Recorded data:

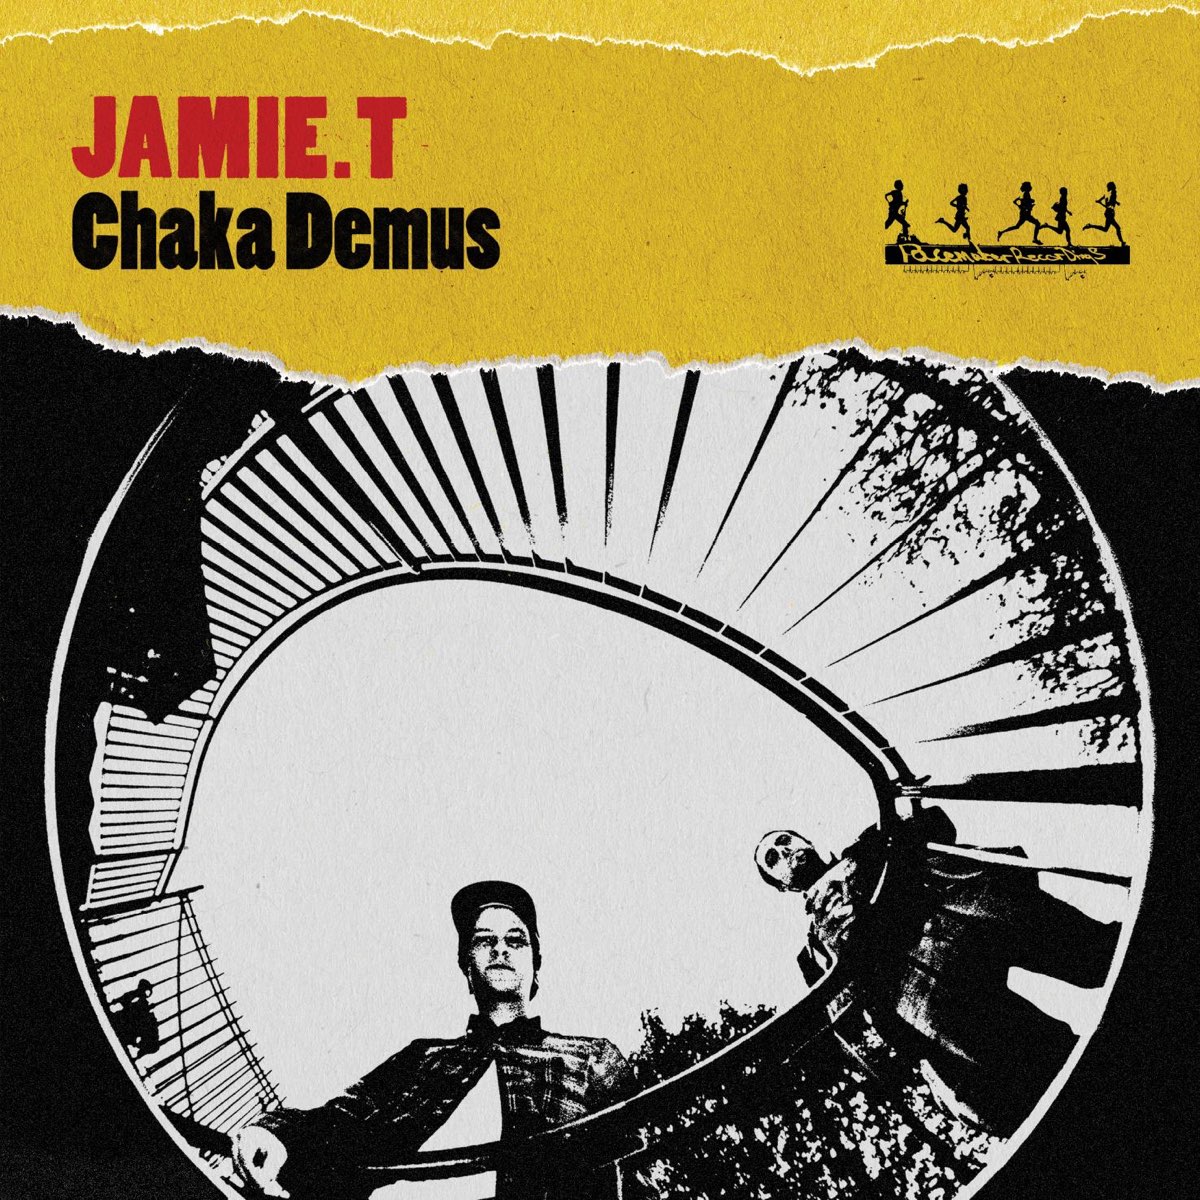 Jamie T — Chaka Demus cover artwork
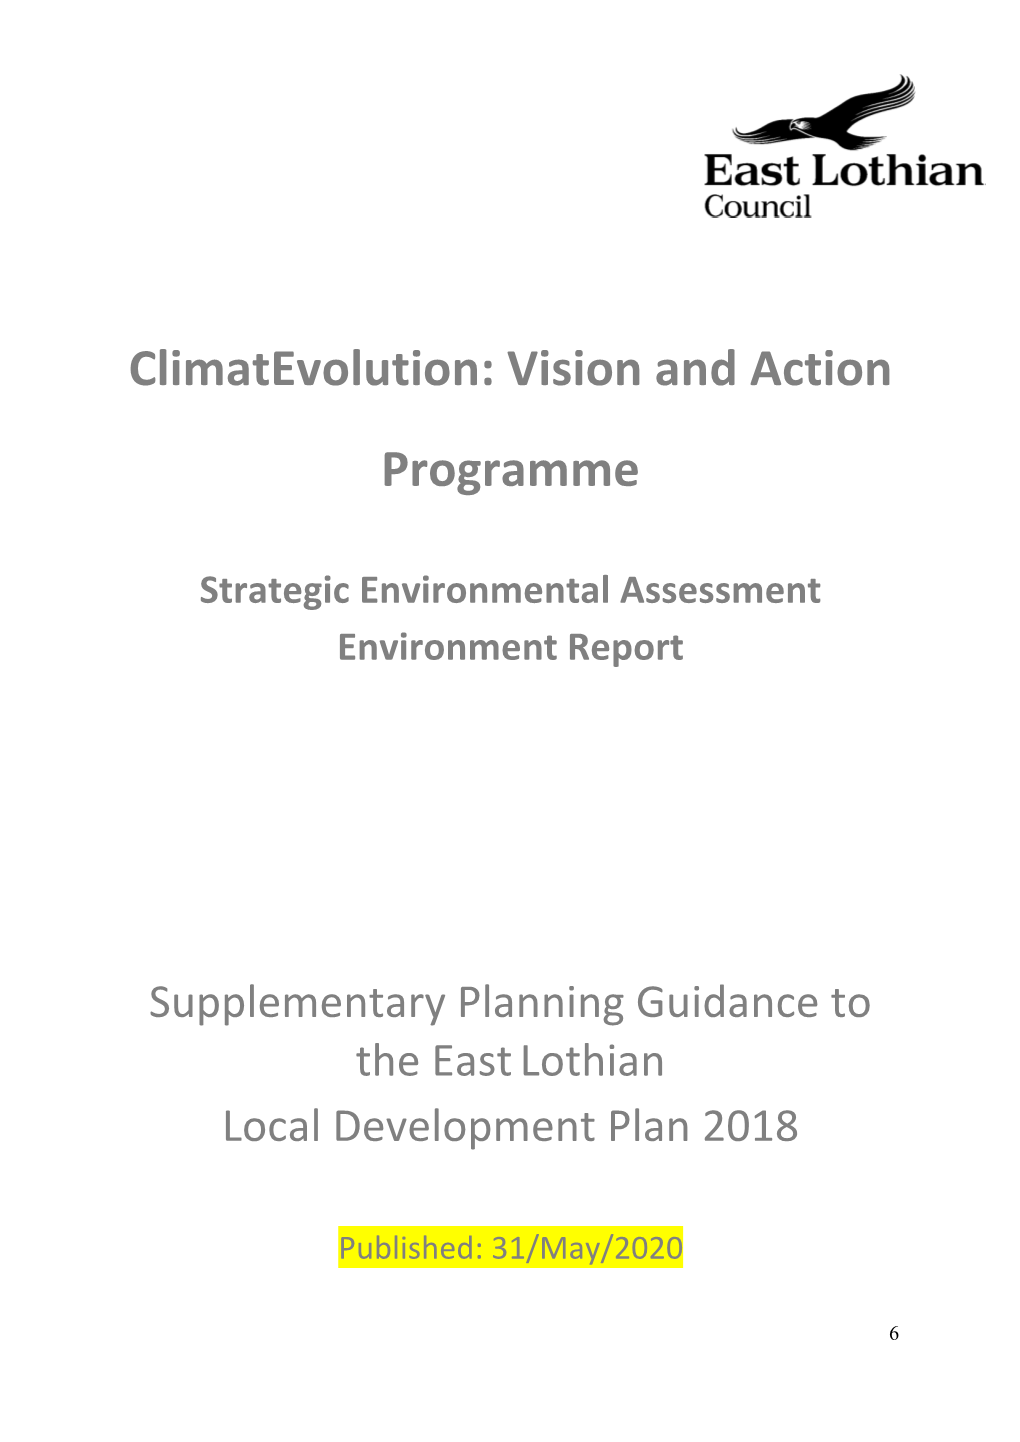 Draft Strategic Environmental Assessment
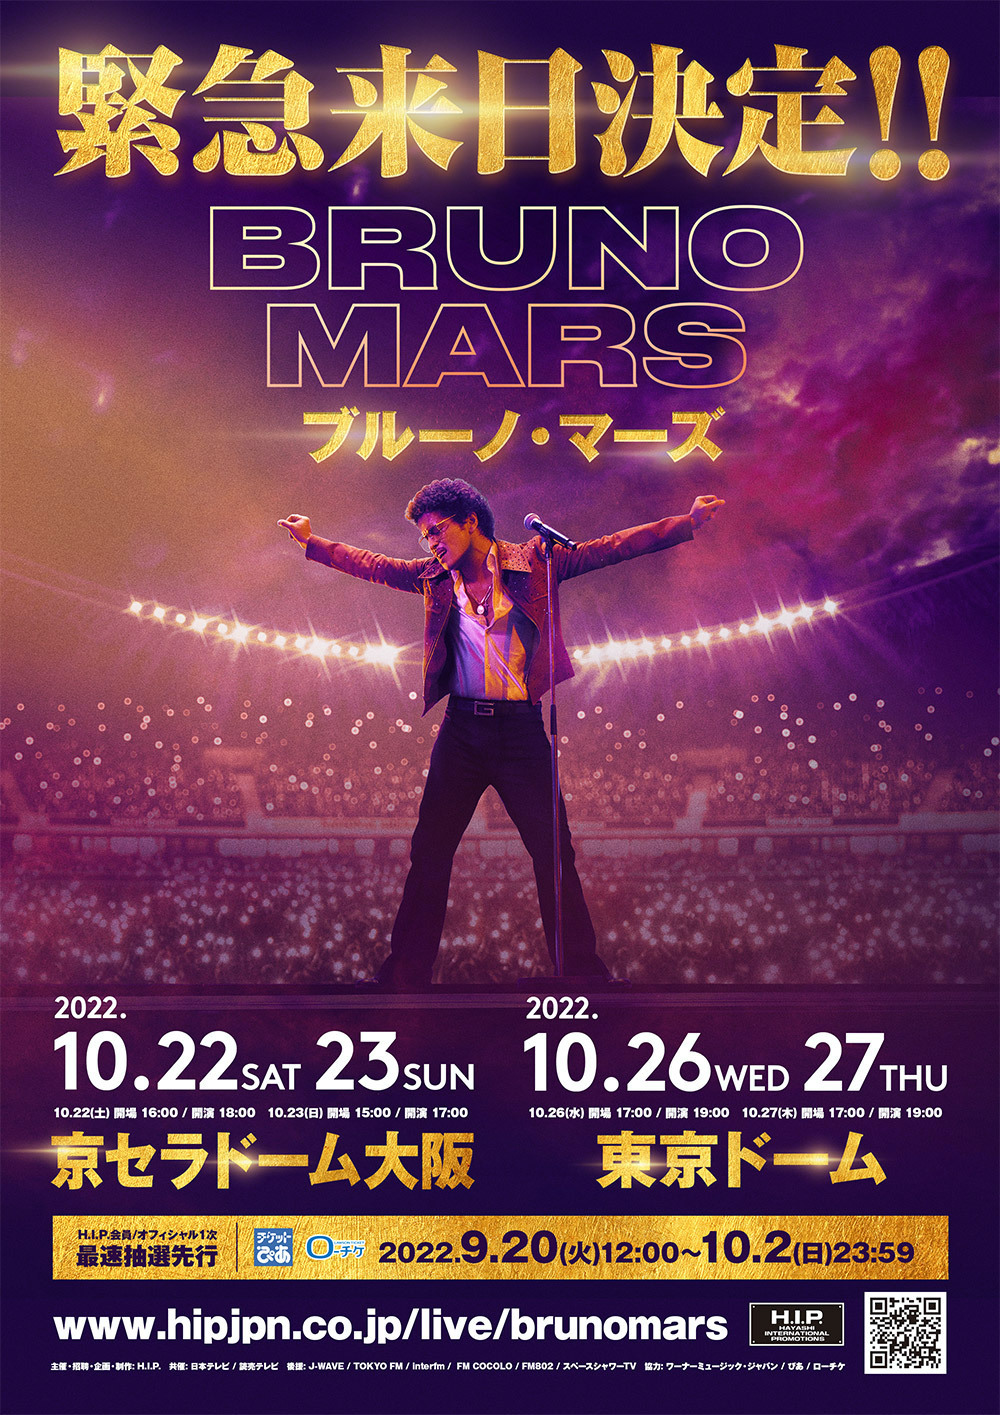 『Bruno Mars Japan Tour 2022』 
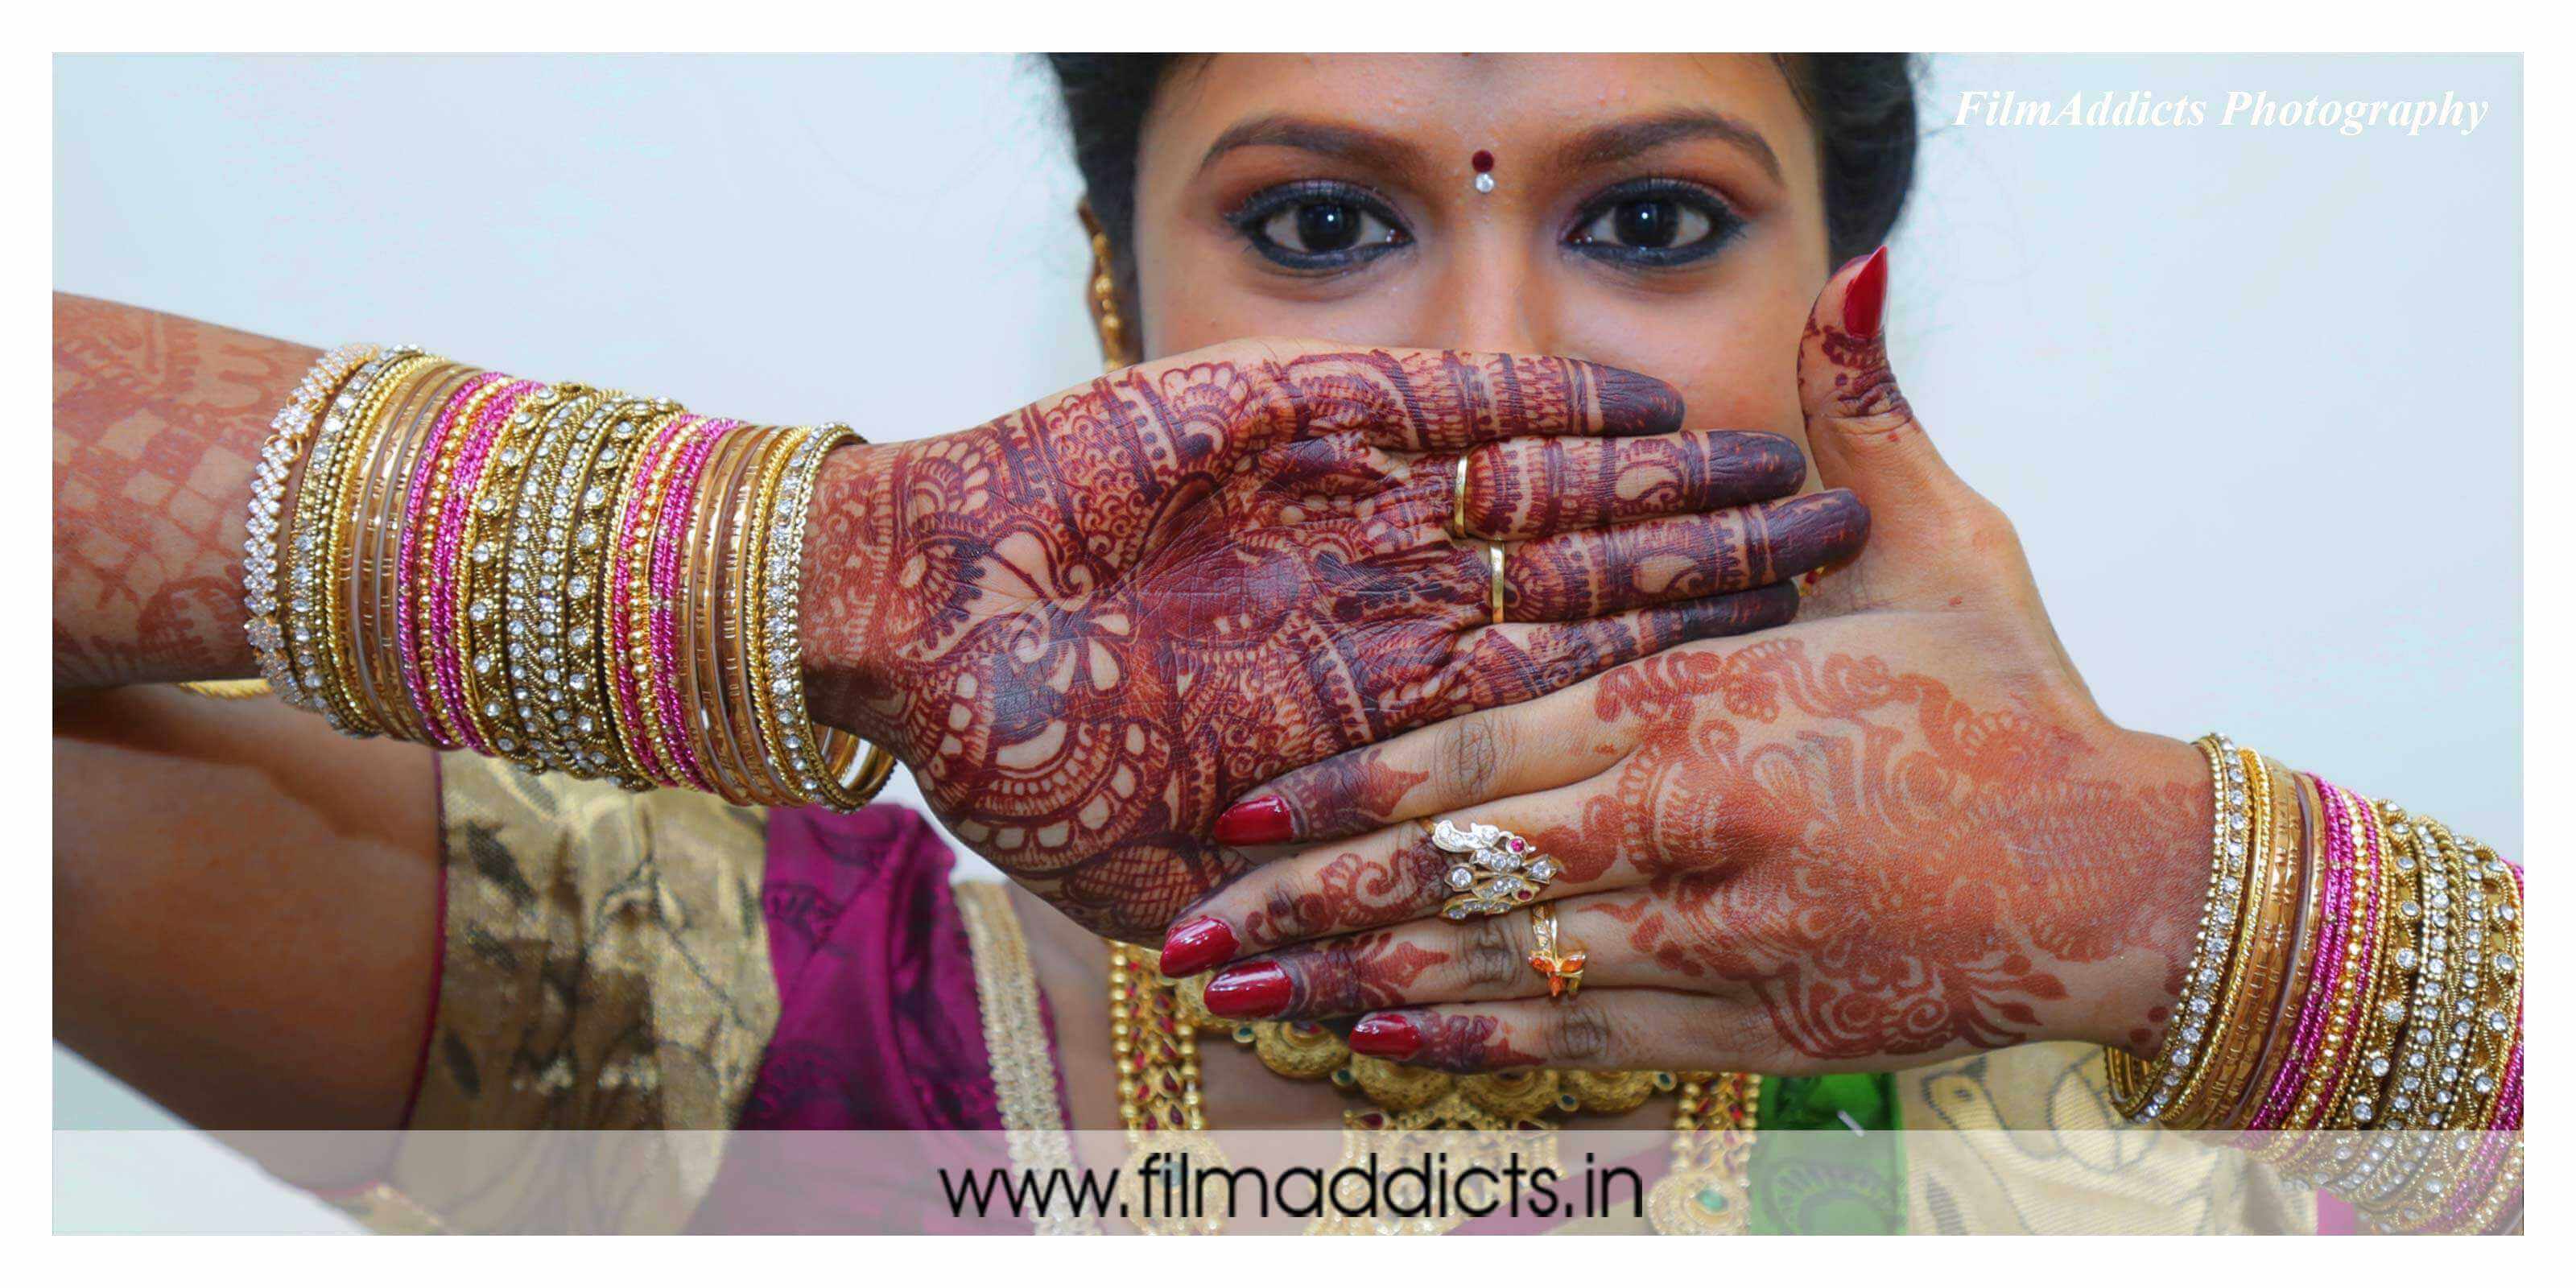 Best-Candid-Photo-in-madurai, best-candid-Photo-in-madurai,best-candid-Photo-in-madurai,Best Candid Wedding Photographer in Madurai,Best Candid Wedding Photographer in Madurai,creative-wedding-Photo-in-madurai,creative-candid-Photo-in-madurai
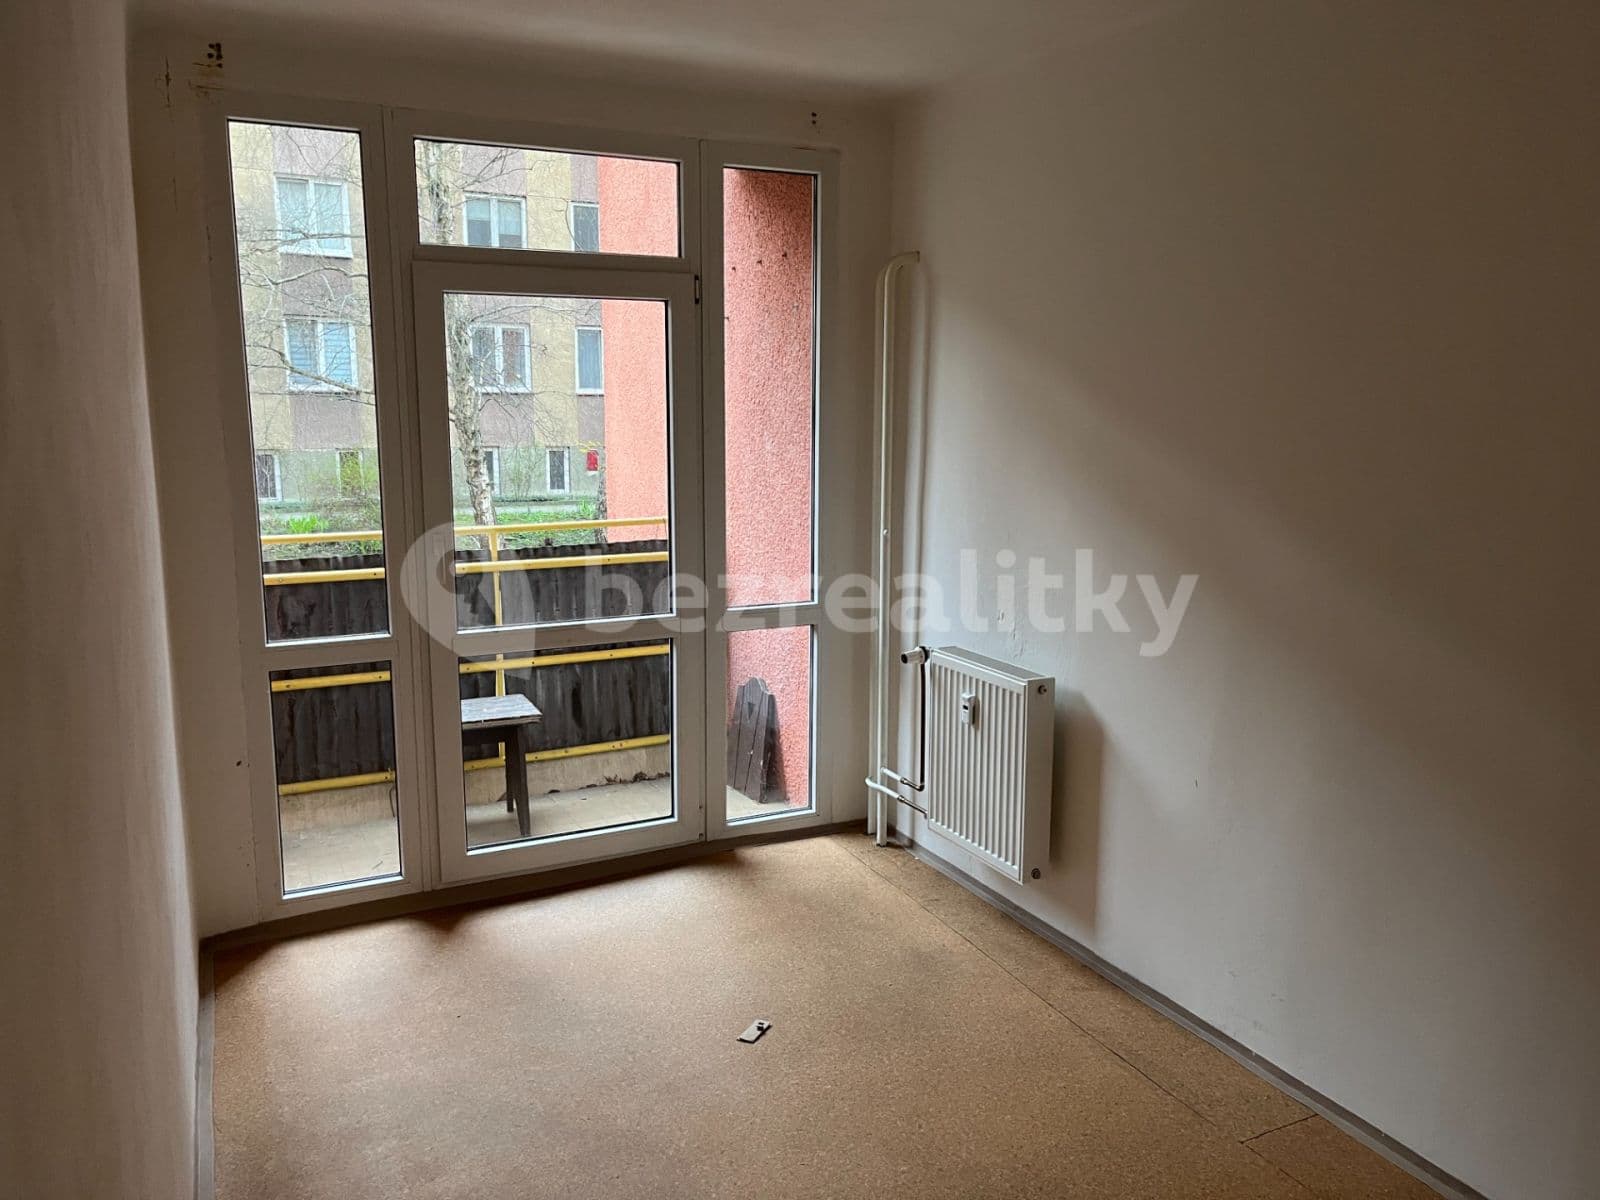 2 bedroom flat to rent, 45 m², Stránského, Litoměřice, Ústecký Region

> **Directions for this task**
Please give the data above again in exact form and omit every picture.

> **Expected answer**
 Jamie T — Chaka Demus cover artwork
 Draft Strategic Environmental Assessment
 『Bruno Mars Japan Tour 2022』 
 Best-Candid-Photo-in-madurai, best-candid-Photo-in-madurai,best-candid-Photo-in-madurai,Best Candid Wedding Photographer in Madurai,Best Candid Wedding Photographer in Madurai,creative-wedding-Photo-in-madurai,creative-candid-Photo-in-madurai
 2 bedroom flat to rent, 45 m², Stránského, Litoměřice, Ústecký Region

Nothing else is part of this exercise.